I had originally wanted to pen a post on what it means to be an atheist during the holiday season, or rather, what the holiday season could possibly mean to a godless, souless heathen. You see, this is the time of year when excessive public displays of (the Christian) faith is supposed to be socially acceptable. It is CHRISTmas, after all, as many of them like to point out, oh so unaware that the practice of Christmas was actually a pagan festival adopted (or hijacked) by the Christians, and that December 25 is nowhere near the estimated birth date of Jesus. And what kind of holiday encourages you to lie to your children about a fat bearded man in the North Pole watching to see if they’re naughty or good? Probably a holiday adopted by people whose entire moral system is based on a bearded man in heaven deciding who gets to go to hell.
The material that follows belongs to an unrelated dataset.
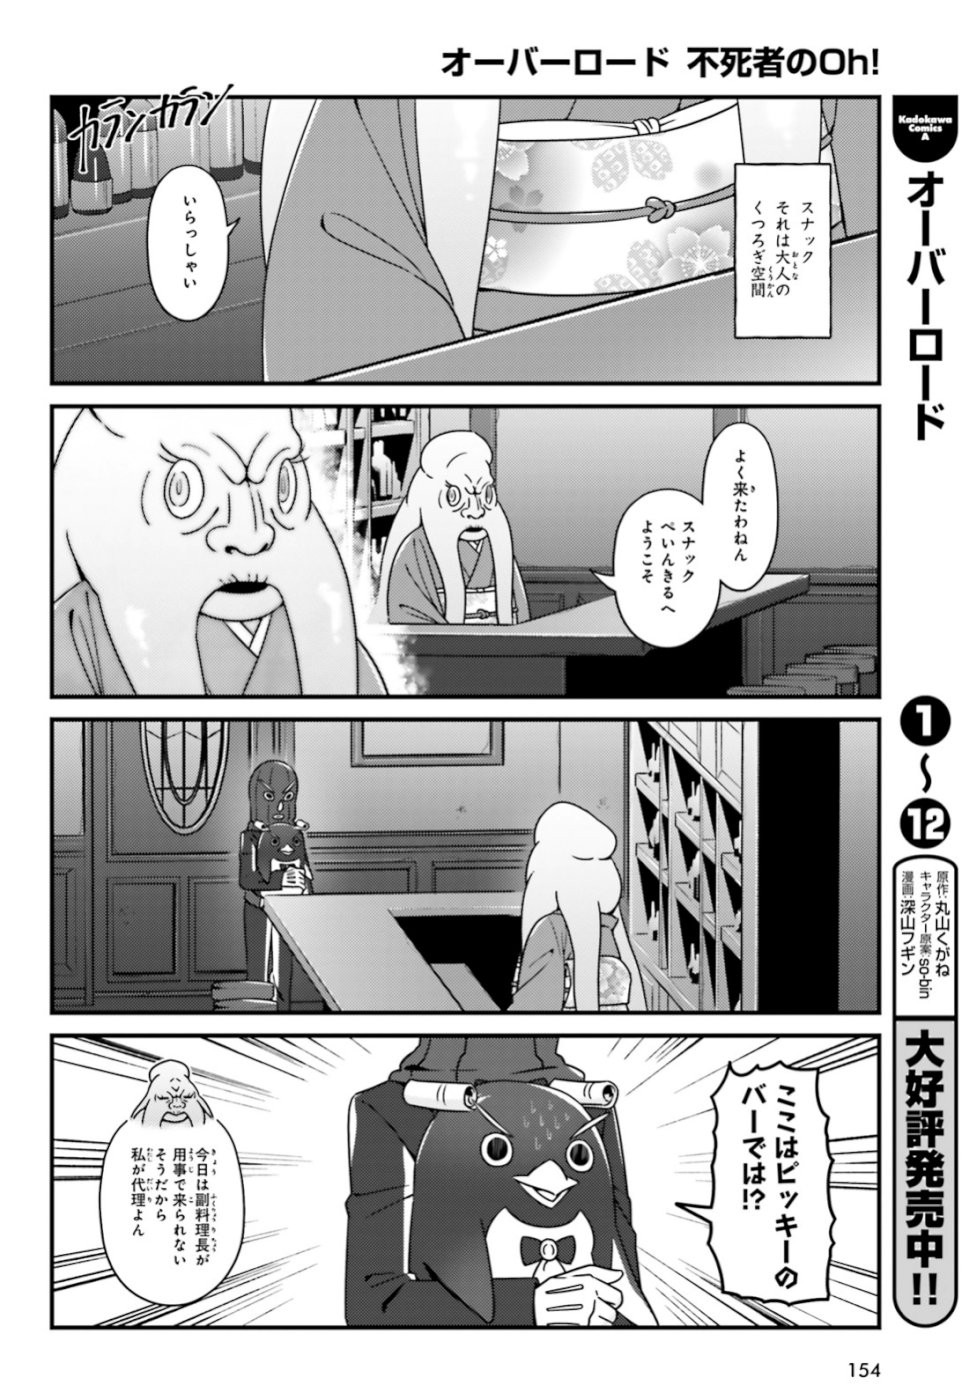 Overlord-Fushisha-no-Oh - Chapter 33 - Page 2

But I digress. All that was supposed to be in my original rant, but I decided not to be a Grinch. Let the Christians have their Christmas, stolen rituals and all.

Then I came across a holiday message that I really did want to share. In his holiday message, the comedian Ricky Gervais shared about why he is an atheist in the most eloquent, non-inflammatory and yet non-apologetic way. I loved his message so much that I even posted it on my facebook, something I rarely ever do, which them prompted some nasty self righteous comments calling me a fool and a corrupter – but that’s another story.

Anyway, the point is that I’m glad that I did not go ahead with my holiday rant because I could not have possibly put things in a better way than Ricky Gervais did.

Wow. No God. If mum had lied to me about God, had she also lied to me about Santa? Yes, of course, but who cares? The gifts kept coming. And so did the gifts of my new found atheism. The gifts of truth, science, nature. The real beauty of this world. I learned of evolution -– a theory so simple that only England’s greatest genius could have come up with it. Evolution of plants, animals and us –- with imagination, free will, love, humor. I no longer needed a reason for my existence, just a reason to live. And imagination, free will, love, humor, fun, music, sports, beer and pizza are all good enough reasons for living.

 

Forgiveness is probably the greatest virtue there is. But that’s exactly what it is -­‐ a virtue. Not just a Christian virtue. No one owns being good. I’m good. I just don’t believe I’ll be rewarded for it in heaven. My reward is here and now. It’s knowing that I try to do the right thing. That I lived a good life. And that’s where spirituality really lost its way. When it became a stick to beat people with. “Do this or you’ll burn in hell.”

You won’t burn in hell. But be nice anyway.

Ultimately, we cannot assume, and we cannot let Christians assume, that all that we strive to achieve during holidays –  goodwill towards mankind and peace on earth – can be monopolized by one faith alone. Ironically, perhaps the only way we can achive those ideals is to abandon such faith-centric mindsets in the first place.